** Data below follows **

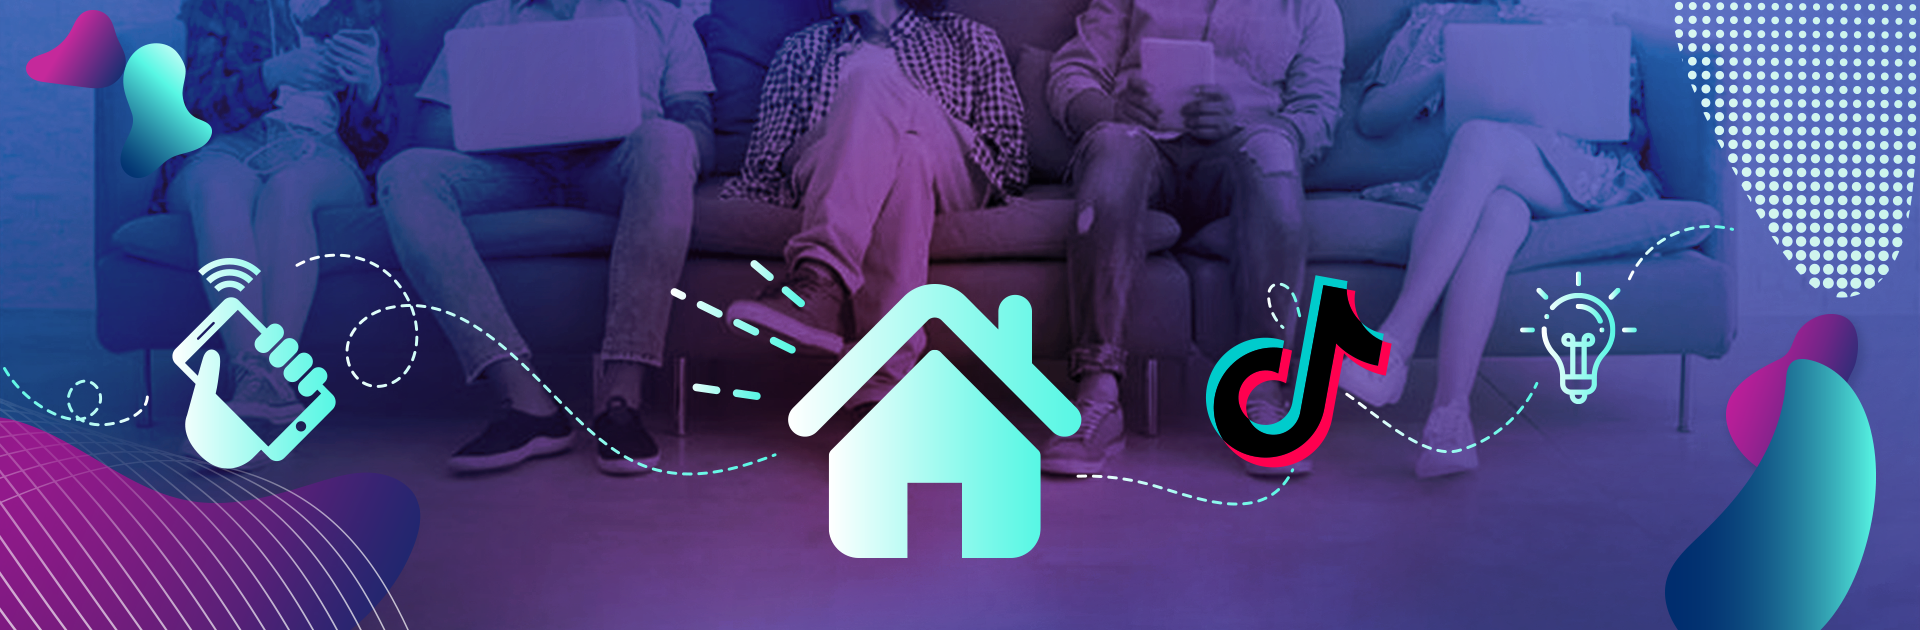 TikTok Houses, il fenomeno di New (Social) Reality Engagement
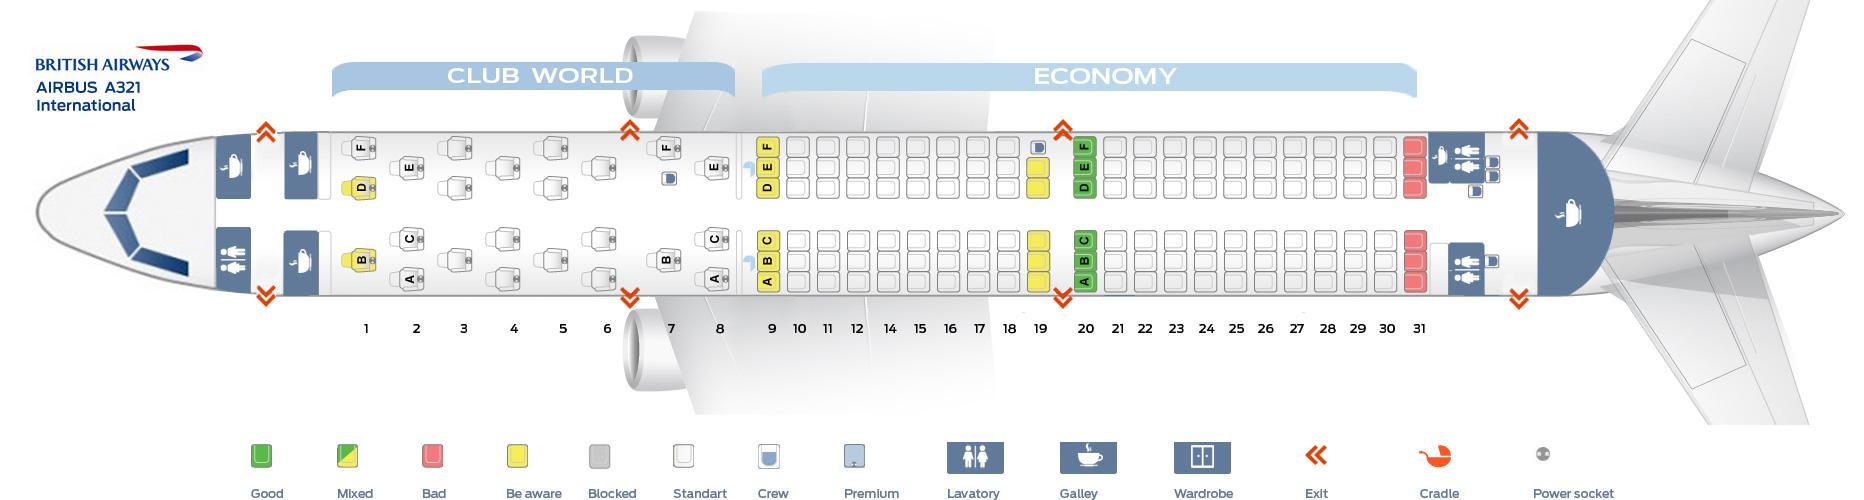 Seat_map_British_Airways_Airbus_A321_International
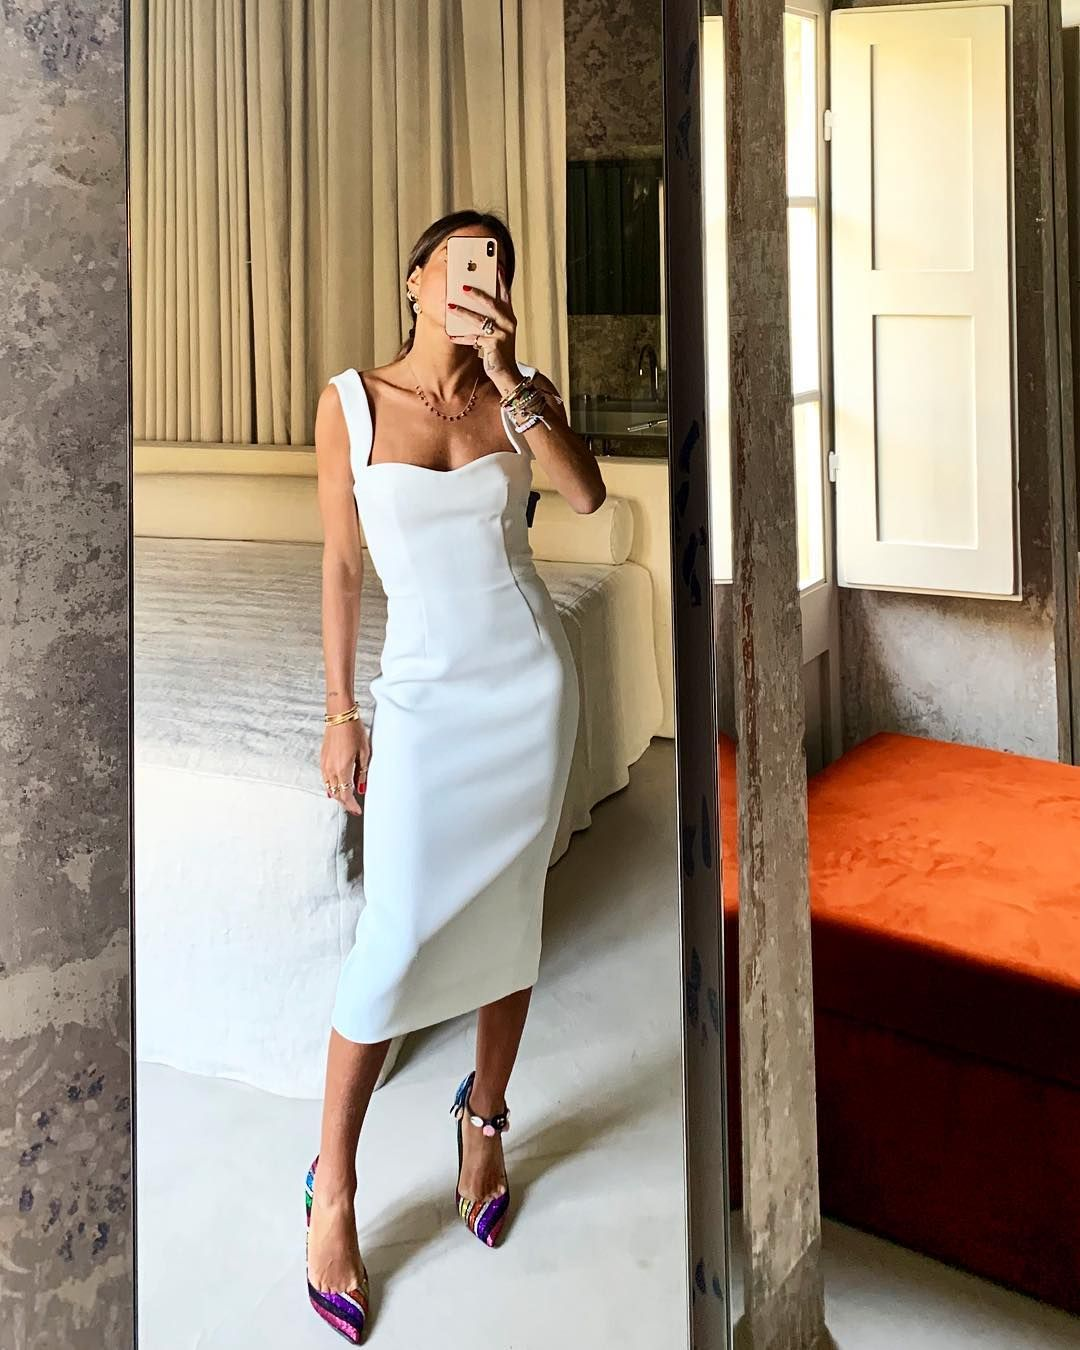 Annacarla E Simona On Instagram In My Fav Victoriabeckham White Sigarette Dress Of The Season Annacarlaesimonaxsugar Vic Fashion Womens Fashion Dresses [ 1350 x 1080 Pixel ]

** End of Data below **

## Task details
The answer must be the full listing, exact in every line, with the pictures removed.

## Finished task
 TikTok Houses, il fenomeno di New (Social) Reality Engagement
 Seat_map_British_Airways_Airbus_A321_International
 Annacarla E Simona On Instagram In My Fav Victoriabeckham White Sigarette Dress Of The Season Annacarlaesimonaxsugar Vic Fashion Womens Fashion Dresses [ 1350 x 1080 Pixel ]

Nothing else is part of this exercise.